_Given information_
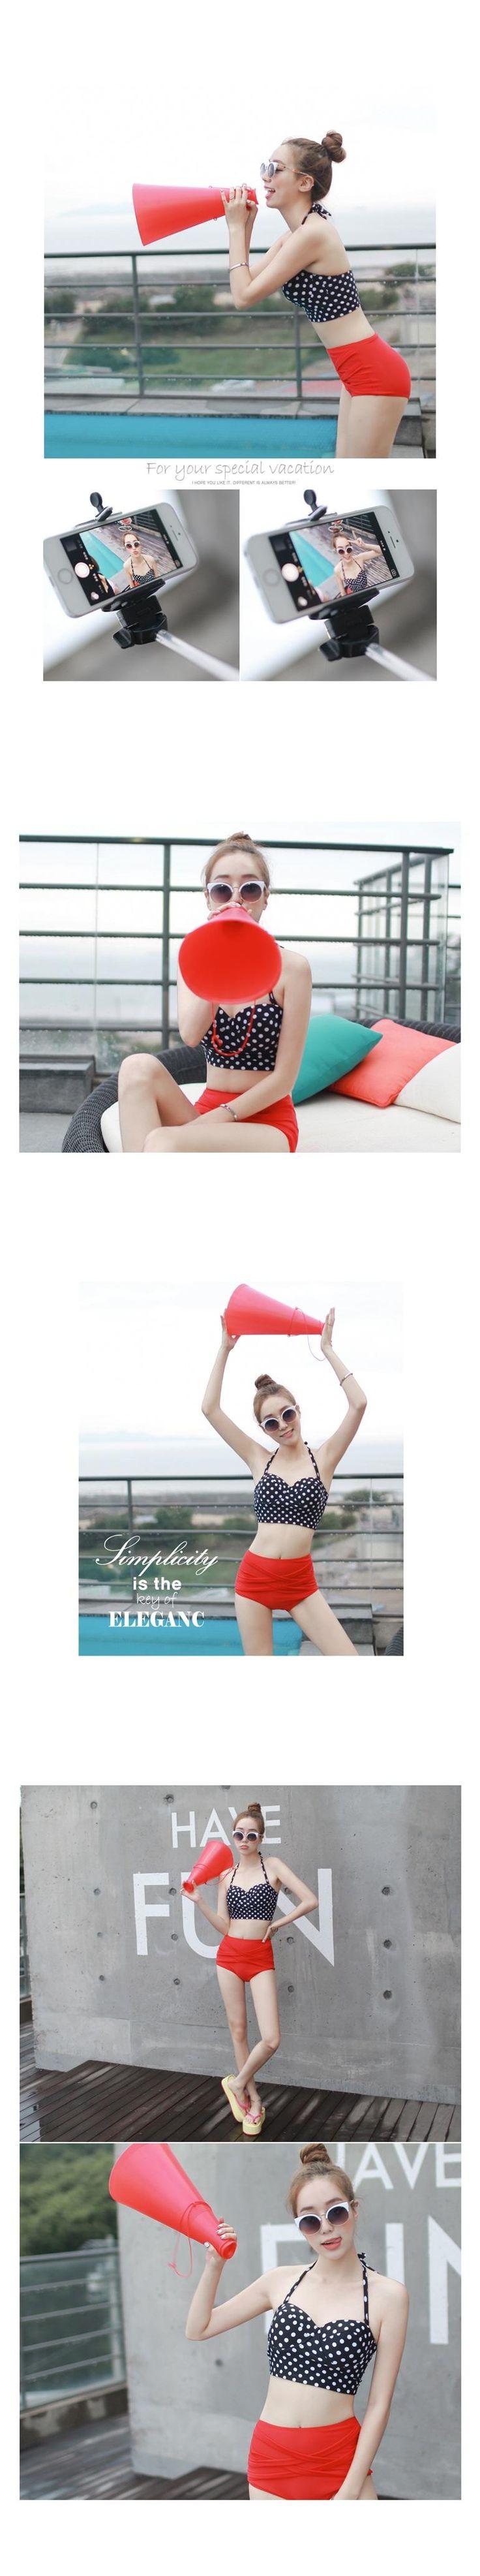 Buy DJ Design Set: Halter Bustier Bikini Top + Mid-Waist Bottoms | YesStyle
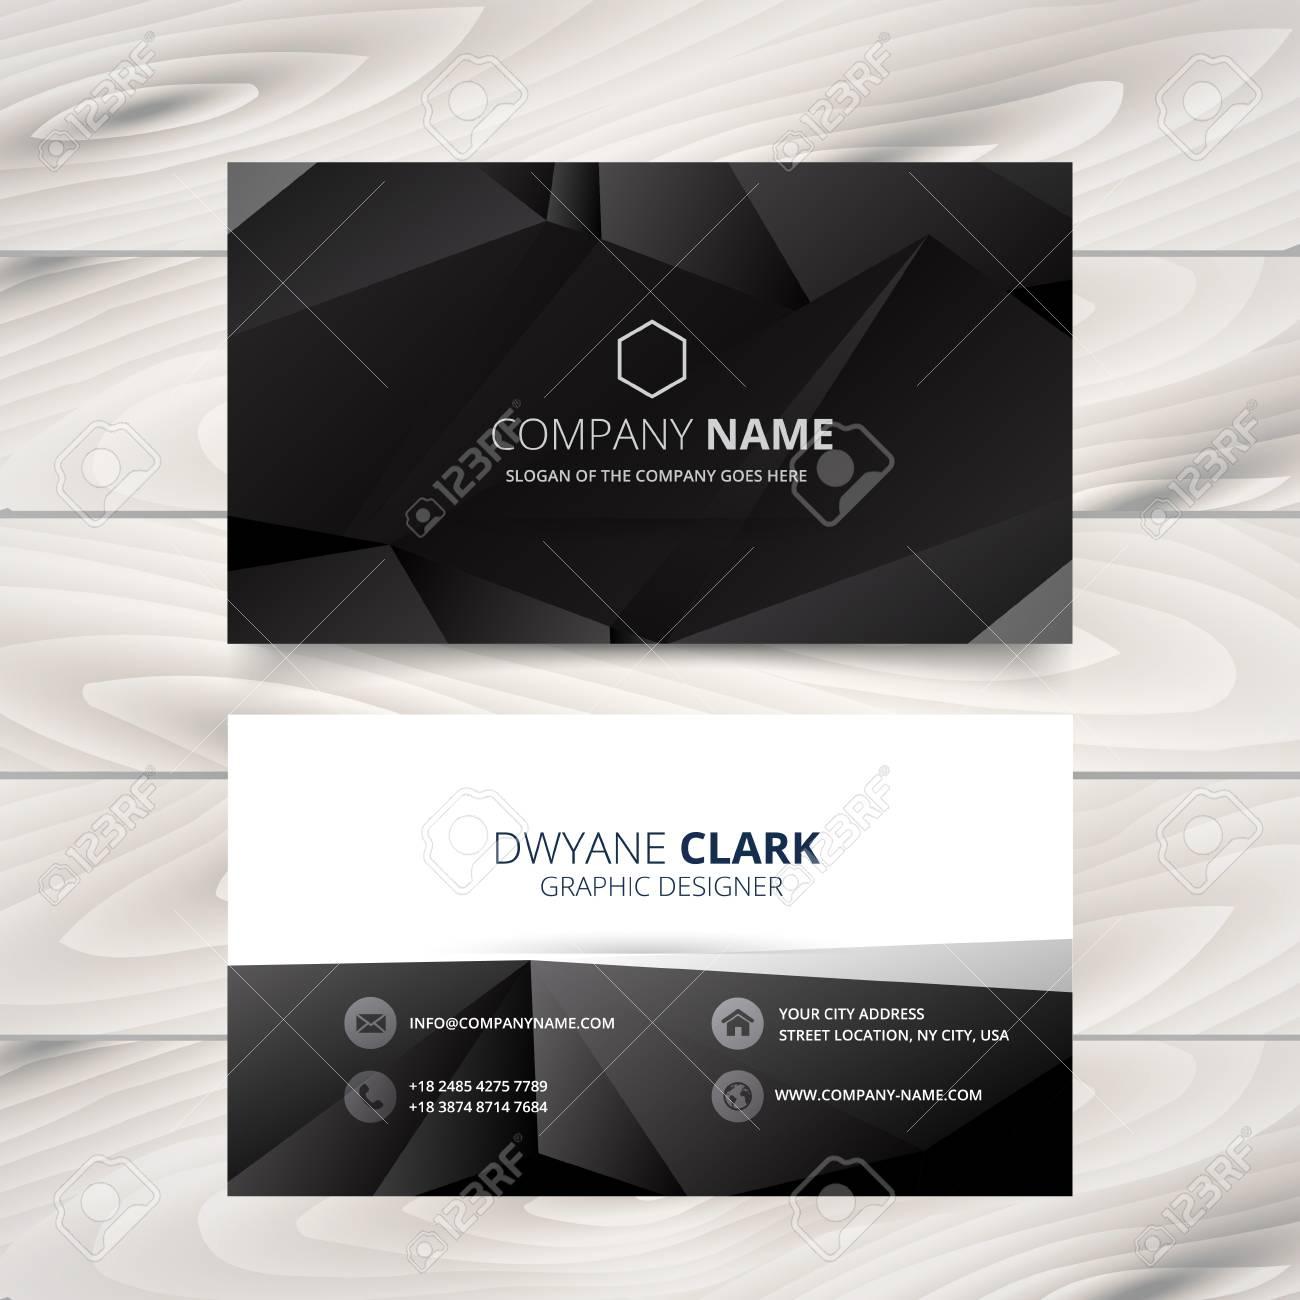 Dark Modern Business Card Design Illustration Royalty Free Cliparts ...
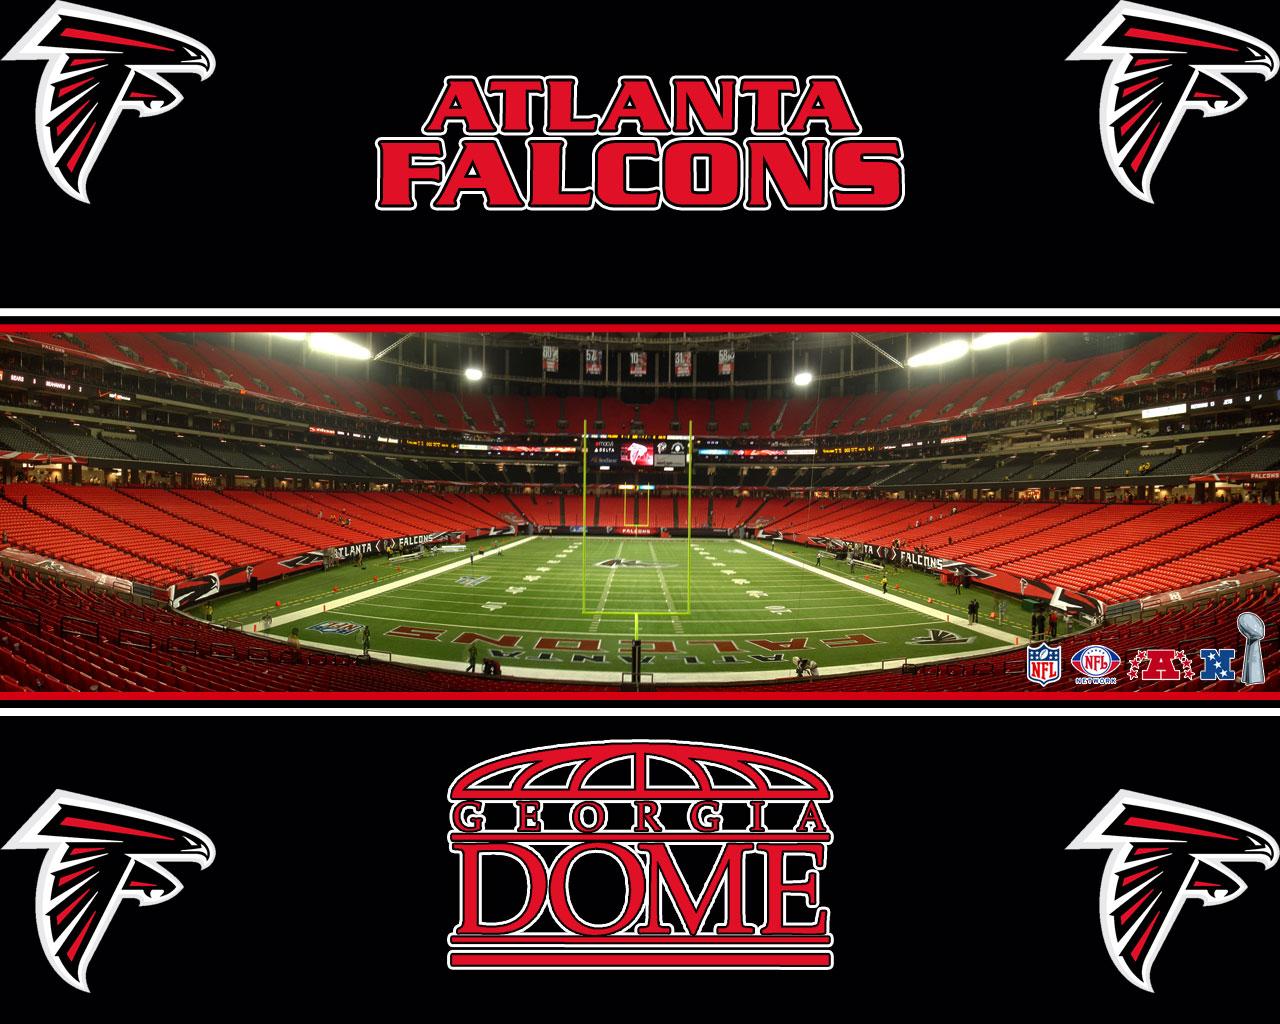 Hd Car Wallpapers Trends Image Atlanta Falcons Images

_What is required_
From the first line to the last, retype the data above exactly, but not its images.

_Reply_
 Buy DJ Design Set: Halter Bustier Bikini Top + Mid-Waist Bottoms | YesStyle
 Dark Modern Business Card Design Illustration Royalty Free Cliparts ...
 Hd Car Wallpapers Trends Image Atlanta Falcons Images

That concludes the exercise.